• TASK: All of the listing should be returned as written, apart from any picture in it.

• DATA SECTION:
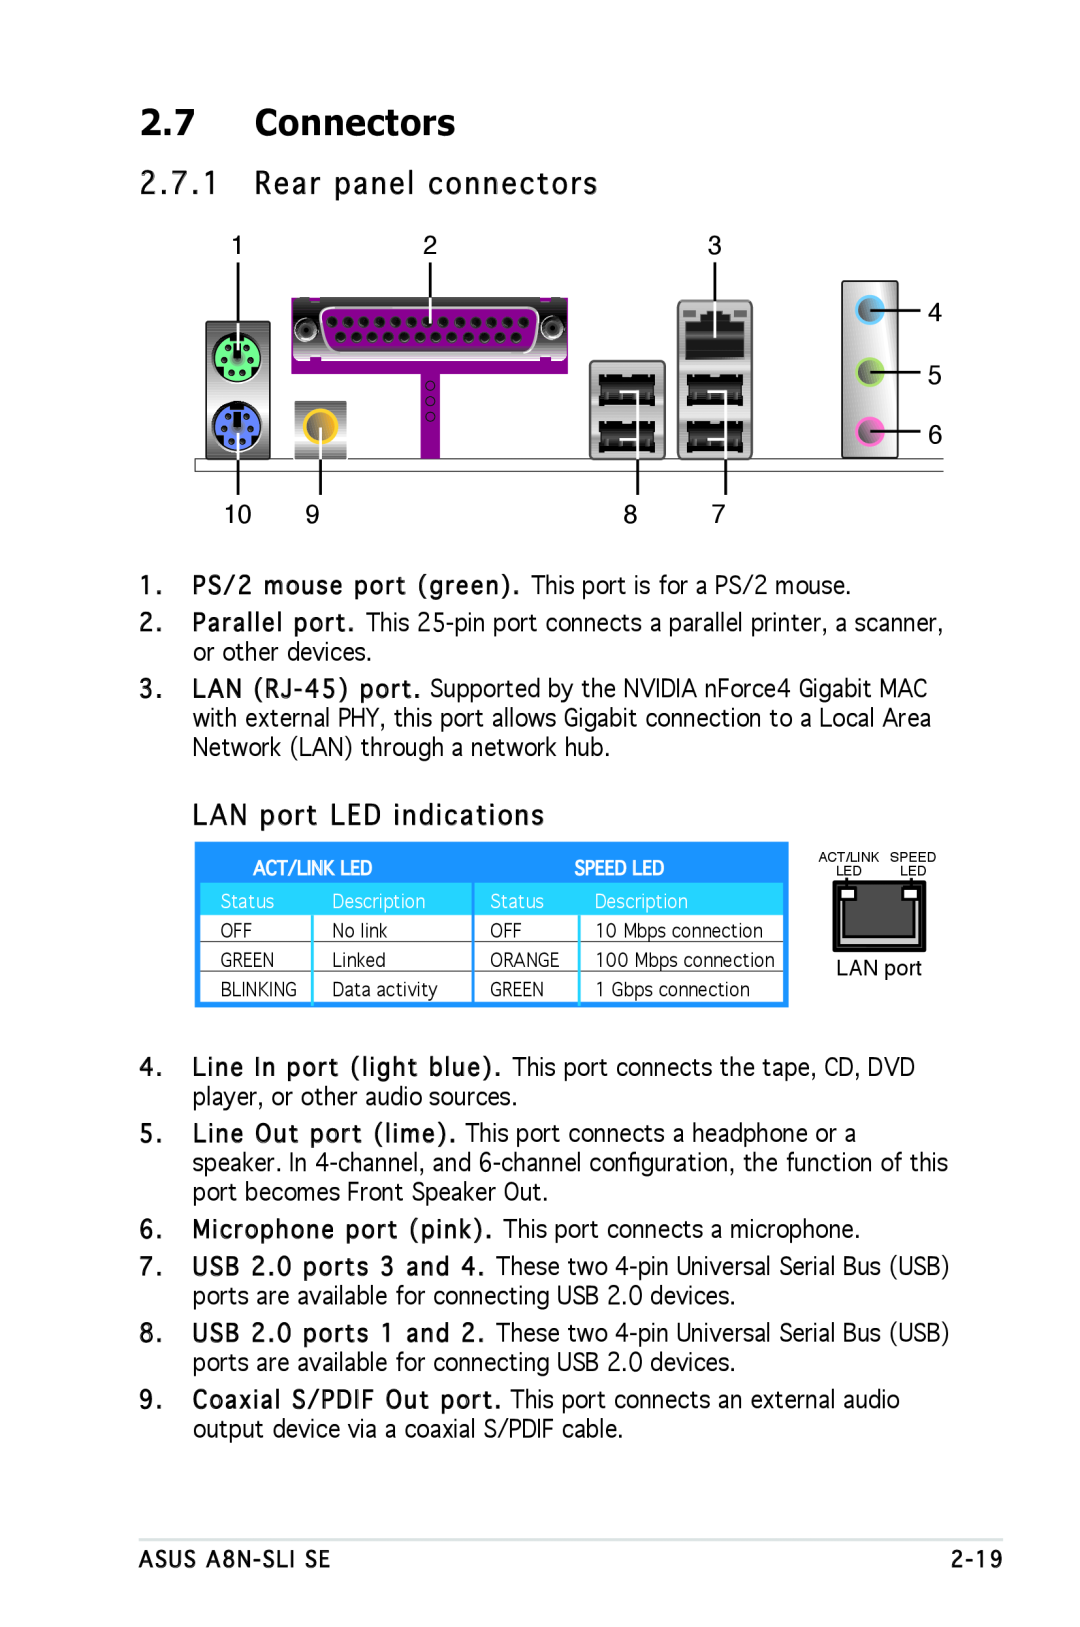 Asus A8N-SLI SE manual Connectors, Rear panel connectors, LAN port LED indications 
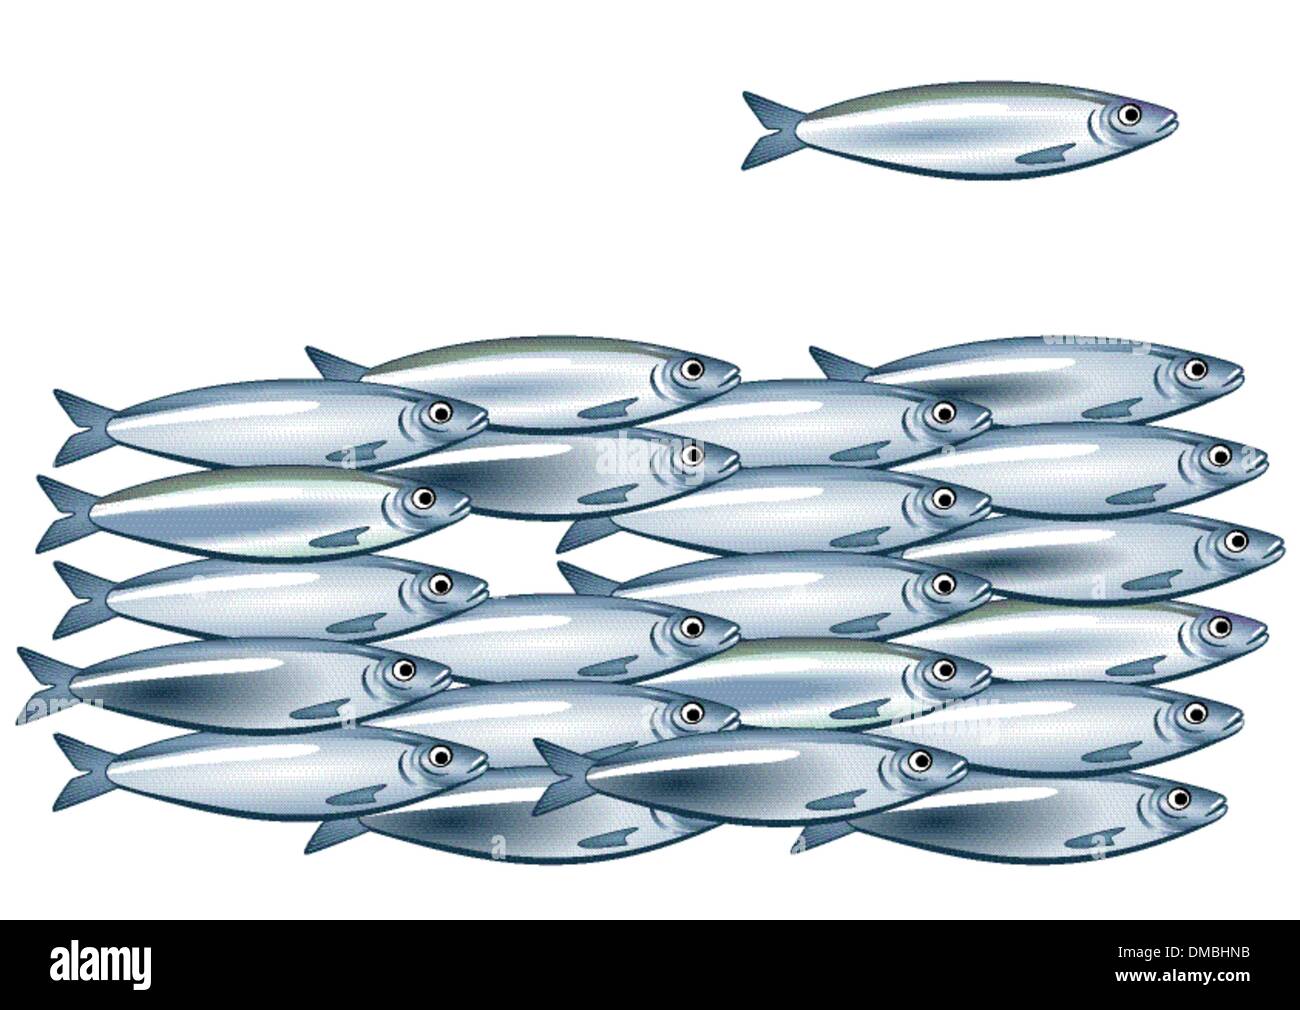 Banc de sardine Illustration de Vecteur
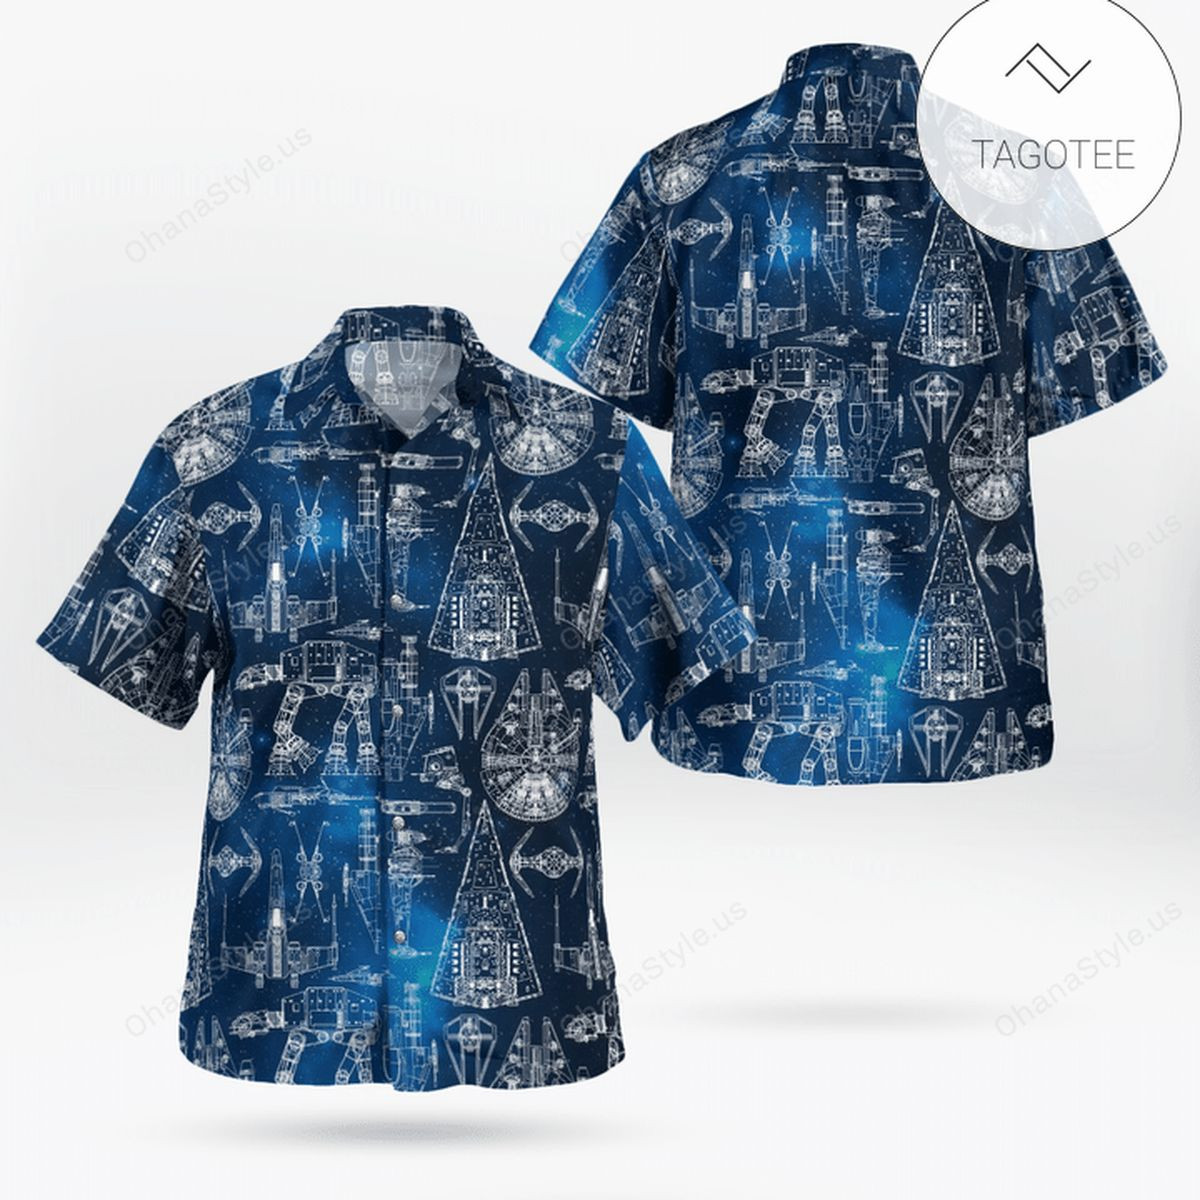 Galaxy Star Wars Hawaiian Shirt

• SOLVED PROBLEM:
 Asus A8N-SLI SE manual Connectors, Rear panel connectors, LAN port LED indications 
 Banc de sardine Illustration de Vecteur
 Galaxy Star Wars Hawaiian Shirt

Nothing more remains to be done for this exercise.